Would you return the entries exactly, with every line intact?

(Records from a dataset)
====

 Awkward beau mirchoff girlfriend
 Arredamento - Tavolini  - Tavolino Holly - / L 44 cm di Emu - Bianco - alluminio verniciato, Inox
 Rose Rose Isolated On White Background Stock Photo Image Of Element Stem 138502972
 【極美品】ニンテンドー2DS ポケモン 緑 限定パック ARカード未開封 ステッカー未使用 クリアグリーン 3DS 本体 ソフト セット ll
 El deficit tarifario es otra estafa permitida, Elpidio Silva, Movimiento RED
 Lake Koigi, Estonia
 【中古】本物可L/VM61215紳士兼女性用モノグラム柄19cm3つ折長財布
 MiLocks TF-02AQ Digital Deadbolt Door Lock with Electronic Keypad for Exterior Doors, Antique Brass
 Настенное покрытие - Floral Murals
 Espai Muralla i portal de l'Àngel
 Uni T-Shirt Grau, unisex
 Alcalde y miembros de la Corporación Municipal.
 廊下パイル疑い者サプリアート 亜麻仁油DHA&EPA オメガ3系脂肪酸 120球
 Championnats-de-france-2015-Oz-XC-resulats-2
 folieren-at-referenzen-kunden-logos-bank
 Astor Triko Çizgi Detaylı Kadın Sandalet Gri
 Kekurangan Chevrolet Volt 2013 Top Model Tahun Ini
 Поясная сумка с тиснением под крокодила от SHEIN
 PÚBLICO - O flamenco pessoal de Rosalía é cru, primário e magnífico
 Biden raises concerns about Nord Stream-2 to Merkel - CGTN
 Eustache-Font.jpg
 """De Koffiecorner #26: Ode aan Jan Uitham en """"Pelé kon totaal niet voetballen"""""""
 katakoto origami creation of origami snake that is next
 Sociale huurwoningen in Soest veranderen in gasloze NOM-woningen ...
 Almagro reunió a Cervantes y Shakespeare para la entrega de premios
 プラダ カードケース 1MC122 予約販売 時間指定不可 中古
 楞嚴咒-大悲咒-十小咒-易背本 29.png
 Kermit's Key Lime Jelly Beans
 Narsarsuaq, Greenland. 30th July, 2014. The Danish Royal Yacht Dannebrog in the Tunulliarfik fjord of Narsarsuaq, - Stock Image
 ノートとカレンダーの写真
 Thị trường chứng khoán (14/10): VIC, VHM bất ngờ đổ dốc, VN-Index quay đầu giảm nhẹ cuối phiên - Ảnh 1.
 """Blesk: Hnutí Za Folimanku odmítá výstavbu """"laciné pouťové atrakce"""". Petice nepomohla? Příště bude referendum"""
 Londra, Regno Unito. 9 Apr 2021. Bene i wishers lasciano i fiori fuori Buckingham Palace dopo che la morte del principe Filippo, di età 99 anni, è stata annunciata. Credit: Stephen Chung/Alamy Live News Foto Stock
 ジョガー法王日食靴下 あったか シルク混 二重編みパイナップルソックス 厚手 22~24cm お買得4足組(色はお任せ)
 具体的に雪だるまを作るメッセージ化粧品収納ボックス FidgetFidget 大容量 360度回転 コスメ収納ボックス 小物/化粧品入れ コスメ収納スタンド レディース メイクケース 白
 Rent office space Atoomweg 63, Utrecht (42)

====

# YOUR SOLUTION
 Awkward beau mirchoff girlfriend
 Arredamento - Tavolini  - Tavolino Holly - / L 44 cm di Emu - Bianco - alluminio verniciato, Inox
 Rose Rose Isolated On White Background Stock Photo Image Of Element Stem 138502972
 【極美品】ニンテンドー2DS ポケモン 緑 限定パック ARカード未開封 ステッカー未使用 クリアグリーン 3DS 本体 ソフト セット ll
 El deficit tarifario es otra estafa permitida, Elpidio Silva, Movimiento RED
 Lake Koigi, Estonia
 【中古】本物可L/VM61215紳士兼女性用モノグラム柄19cm3つ折長財布
 MiLocks TF-02AQ Digital Deadbolt Door Lock with Electronic Keypad for Exterior Doors, Antique Brass
 Настенное покрытие - Floral Murals
 Espai Muralla i portal de l'Àngel
 Uni T-Shirt Grau, unisex
 Alcalde y miembros de la Corporación Municipal.
 廊下パイル疑い者サプリアート 亜麻仁油DHA&EPA オメガ3系脂肪酸 120球
 Championnats-de-france-2015-Oz-XC-resulats-2
 folieren-at-referenzen-kunden-logos-bank
 Astor Triko Çizgi Detaylı Kadın Sandalet Gri
 Kekurangan Chevrolet Volt 2013 Top Model Tahun Ini
 Поясная сумка с тиснением под крокодила от SHEIN
 PÚBLICO - O flamenco pessoal de Rosalía é cru, primário e magnífico
 Biden raises concerns about Nord Stream-2 to Merkel - CGTN
 Eustache-Font.jpg
 """De Koffiecorner #26: Ode aan Jan Uitham en """"Pelé kon totaal niet voetballen"""""""
 katakoto origami creation of origami snake that is next
 Sociale huurwoningen in Soest veranderen in gasloze NOM-woningen ...
 Almagro reunió a Cervantes y Shakespeare para la entrega de premios
 プラダ カードケース 1MC122 予約販売 時間指定不可 中古
 楞嚴咒-大悲咒-十小咒-易背本 29.png
 Kermit's Key Lime Jelly Beans
 Narsarsuaq, Greenland. 30th July, 2014. The Danish Royal Yacht Dannebrog in the Tunulliarfik fjord of Narsarsuaq, - Stock Image
 ノートとカレンダーの写真
 Thị trường chứng khoán (14/10): VIC, VHM bất ngờ đổ dốc, VN-Index quay đầu giảm nhẹ cuối phiên - Ảnh 1.
 """Blesk: Hnutí Za Folimanku odmítá výstavbu """"laciné pouťové atrakce"""". Petice nepomohla? Příště bude referendum"""
 Londra, Regno Unito. 9 Apr 2021. Bene i wishers lasciano i fiori fuori Buckingham Palace dopo che la morte del principe Filippo, di età 99 anni, è stata annunciata. Credit: Stephen Chung/Alamy Live News Foto Stock
 ジョガー法王日食靴下 あったか シルク混 二重編みパイナップルソックス 厚手 22~24cm お買得4足組(色はお任せ)
 具体的に雪だるまを作るメッセージ化粧品収納ボックス FidgetFidget 大容量 360度回転 コスメ収納ボックス 小物/化粧品入れ コスメ収納スタンド レディース メイクケース 白
 Rent office space Atoomweg 63, Utrecht (42)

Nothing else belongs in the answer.